Il peut sembler curieux d’aller lire un livre de 1959 (l’expanded edition de 1982 se contentant d’accoler 40 pages en conclusion sans toucher ce qui précède) alors que de nombreux bouquins ont été écrits sur le sujet depuis. Sur un plan critique et scientifique, l’âge de The Japanese Film: Art and Industry se ressent : il n’y a aucune note bibliographique, aucune source précise, et on retrouve les problèmes inhérents aux textes de Donald Richie soit une focalisation excessive sur quelques personnalités et un certain orientalisme. Ces défauts sont surtout flagrants dans la deuxième partie, essentiellement composée par Richie, avec des avis à l’emporte-pièce et un dédain pour le cinéma populaire. L’intérêt de The Japanese Film: Art and Industry est en fait dans son volet historique, la spécialité de Joseph L. Anderson. En 1959, les figures clés du cinéma japonais des années 10 à 50 étaient encore vivantes et Joseph L. Anderson a pu recueillir quantité d’informations précieuses. Pour chaque lustre, il détaille le destin des studios et de l’industrie, les évolutions des genres et des sujets, et les films importants. Dans le style généraliste, je n’avais jamais rien lu d’aussi fouillé et ça demeure une référence incontournable rarement égalée de nos jours.

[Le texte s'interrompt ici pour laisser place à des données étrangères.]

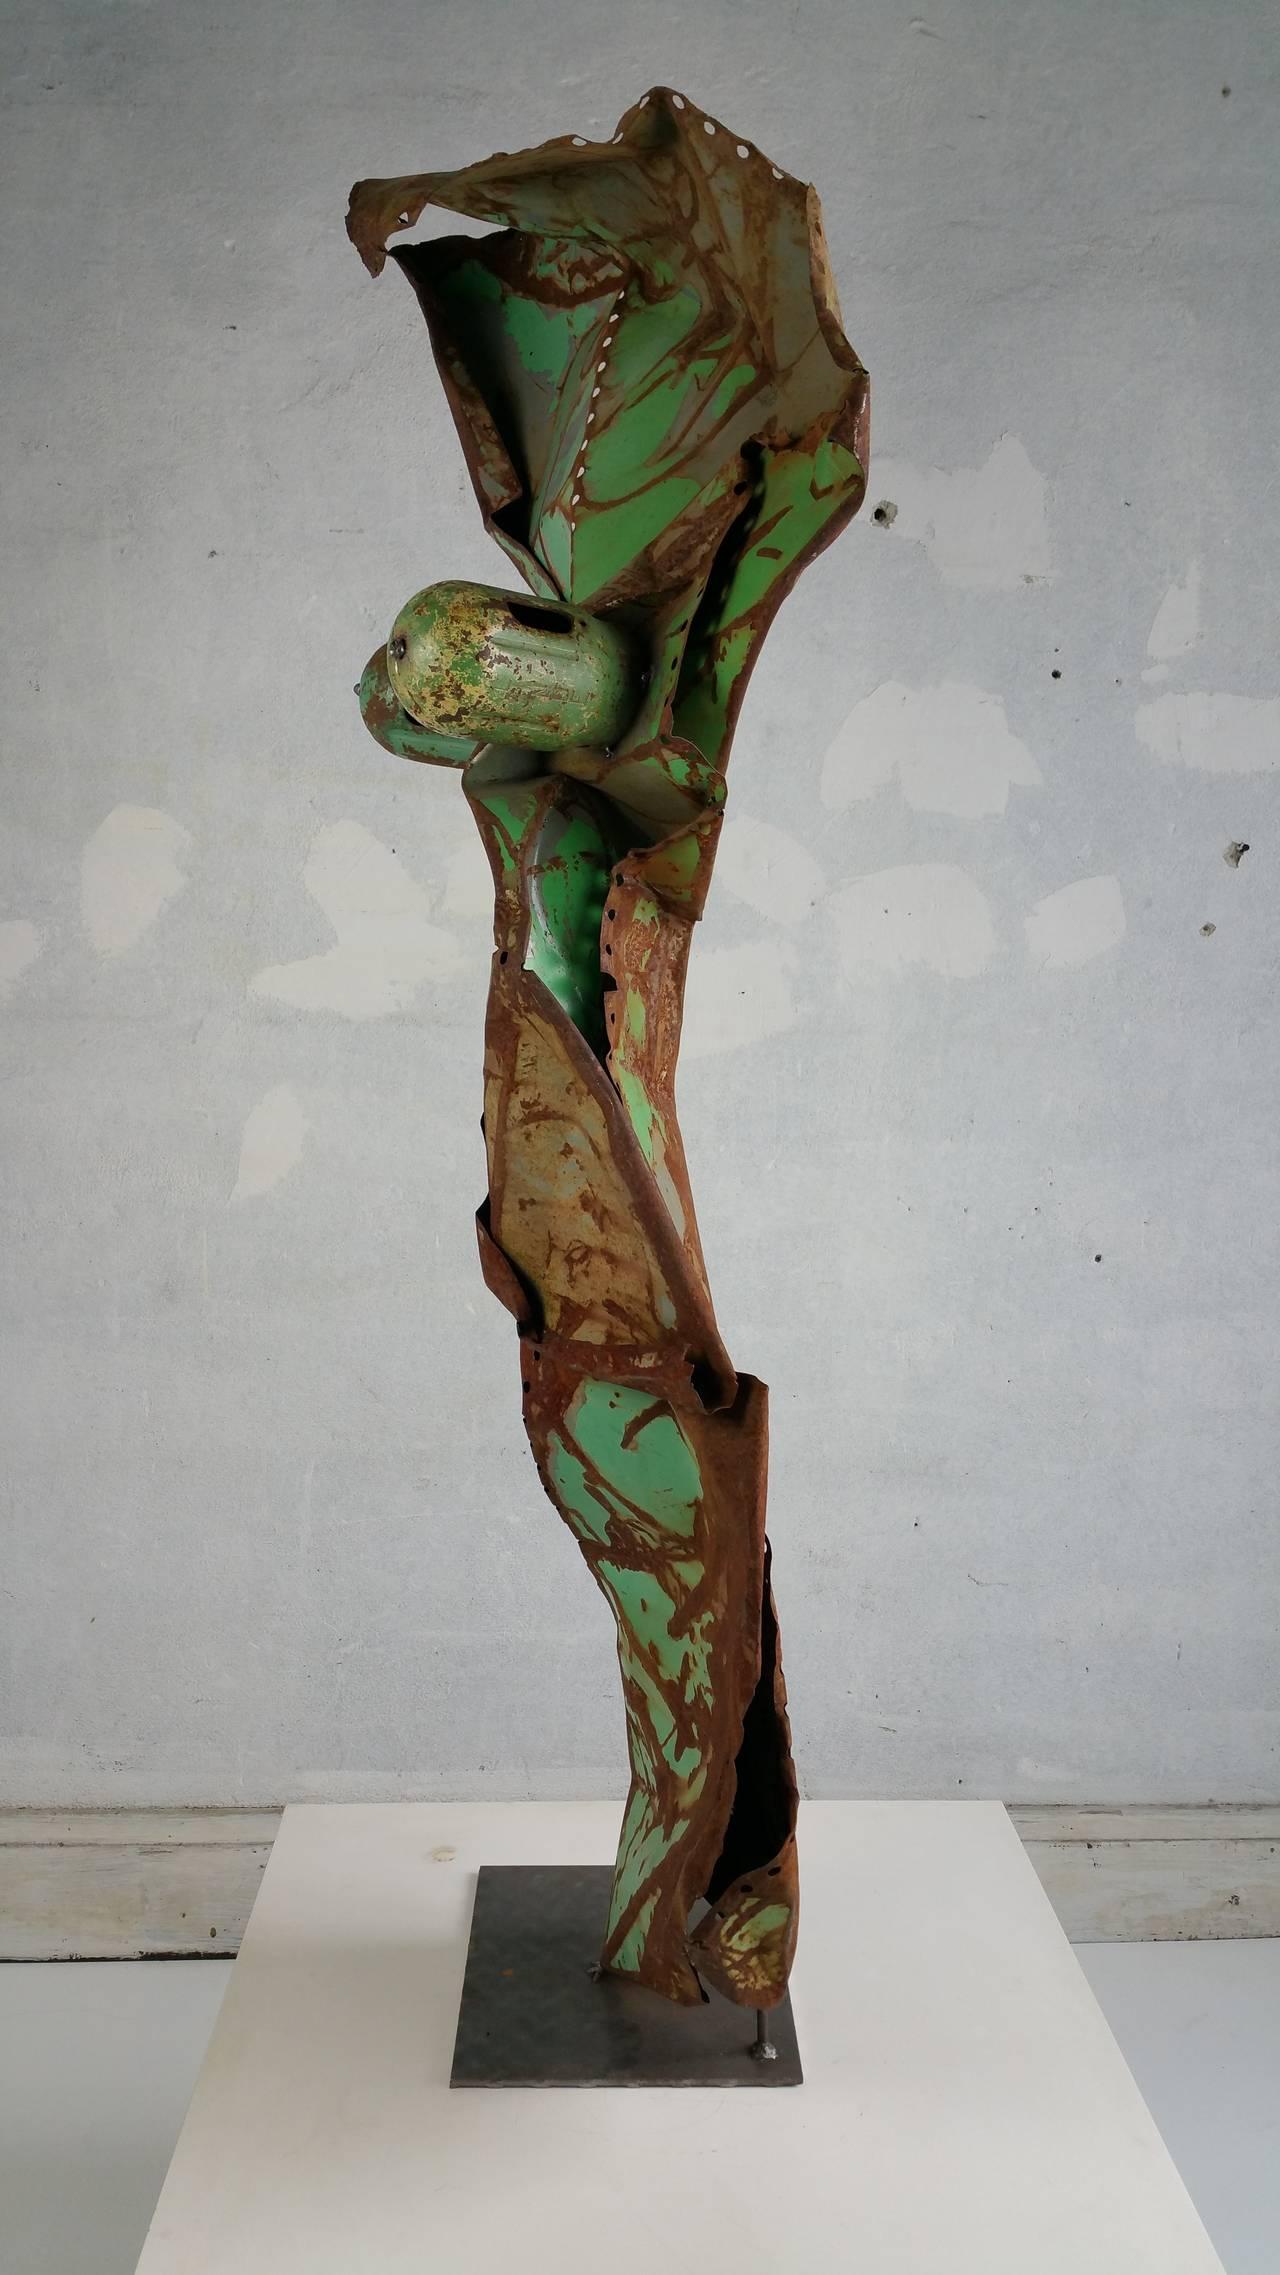 Monumental 5 Foot Metal Abstract Brutalist Sculpture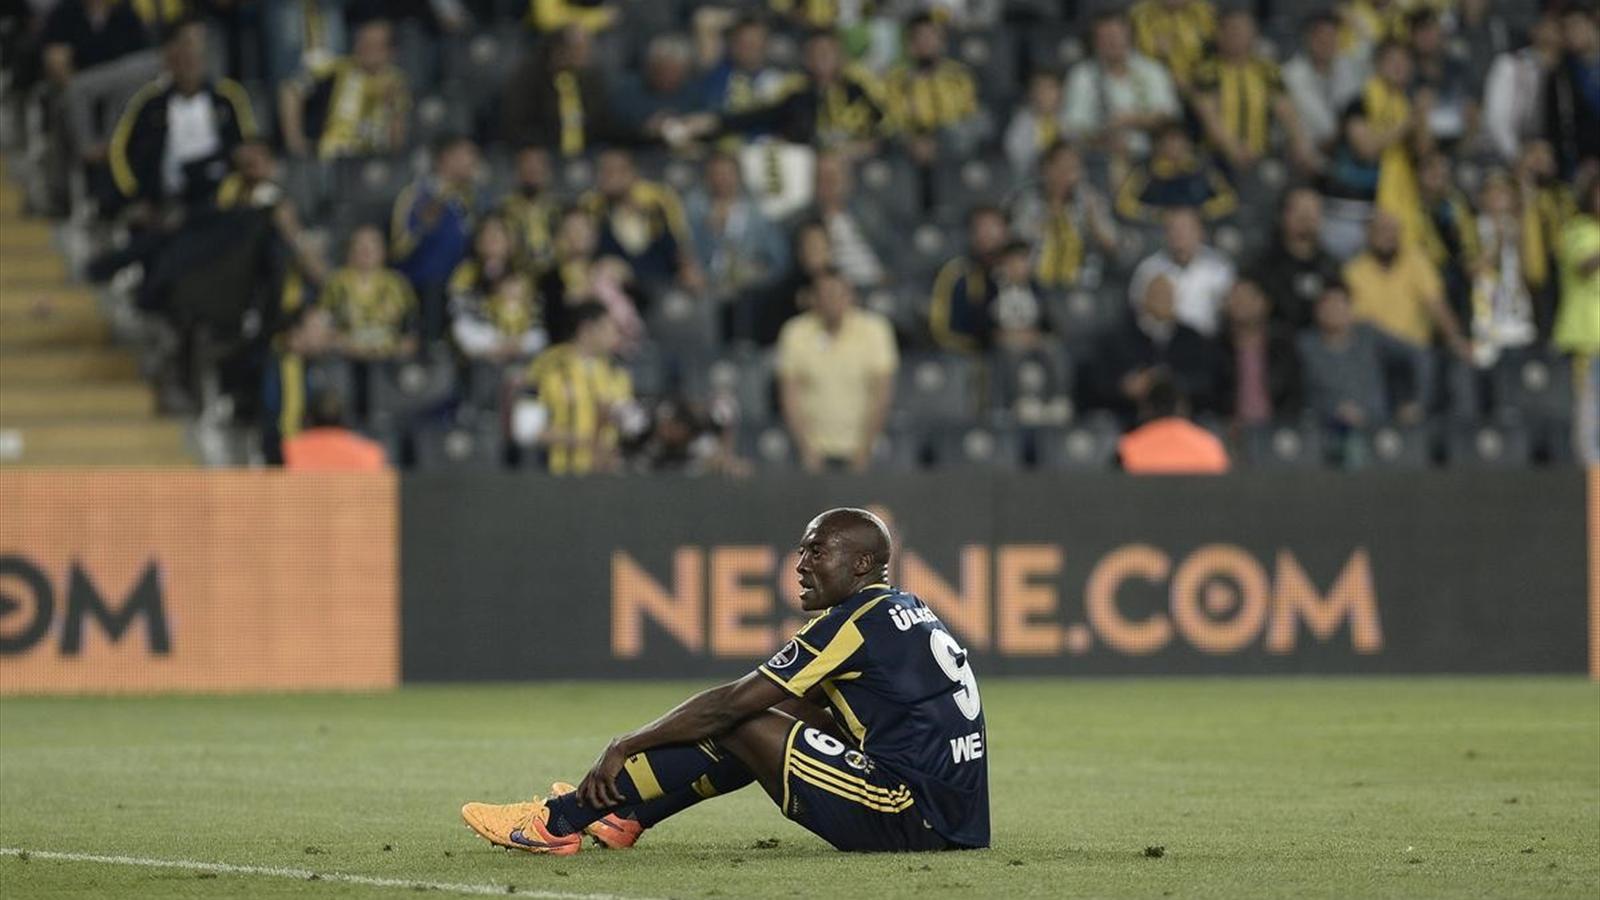 Fenerbahçe Kayseri Erciyesspor Pierre Webo

Le temple du dieu Mazon - Chroniques de la lune rouge 2 de Jean-Pierre Fontana & Alain Paris (Fleuve noir, collection « Anticipation », 1985), 183 p.
La frontière entre le Mercent et le pays Mazon franchie, Sarkô erre dans le désert et tombe, quasi mourant, sur un dirigeable écrasé. Il y trouve de l’eau, de la nourriture, et une étrange carte qu’il est incapable de déchiffrer et qu’il emmène avec lui. Il continue son chemin à la recherche de sa famille enlevée. Au cours de ses pérégrinations, il se lie avec une prostituée, un mercenaire et un savant, et se rapproche doucement du convoi qui conduit son clan au temple du dieu mazon, une terrible entité qui dévore les prisonniers qui lui sont offerts.

Le temple du dieu Mazon est le second volume des Chroniques de la lune rouge. C’est toujours agréable sans être révolutionnaire, on explore le vaste territoire mazon, l’action prend le pas sur la réflexion, les personnages sont clichés mais ça fonctionne, avec un dernier tiers dans la jungle très pulp horrifique. Vivement la suite.


Revues
L'oiseau Magazine n°154 – Printemps 2024
Si le gros dossier arbres et haies ne m’a pas appris grand-chose, il y avait plusieurs articles qui m’ont intéressé ce trimestre : comme d’habitude, le petit texte d’éthologie de Samara Danel était passionnant, il portait sur le meurtre entre congénères chez les araçaris (famille des toucans) ; le premier reportage sur la lente extinction du Grand Tétras dans les Vosges est déprimant ; le second sur la fauconnerie au Moyen-Orient est en revanche encourageant, avec un abandon progressif de certaines pratiques destructrices ; un bref résumé des atouts du lierre vient rappeler l’importance de cette plante malaimée ; après les jumelles, L'oiseau Magazine se penche sur les longues vues en comparant dix modèles dans quatre catégories de prix ; enfin, un descriptif d’un voyage en Asie centrale présente la faune de ces lieux sauvages où je n’irai pas car fort peu démocratiques.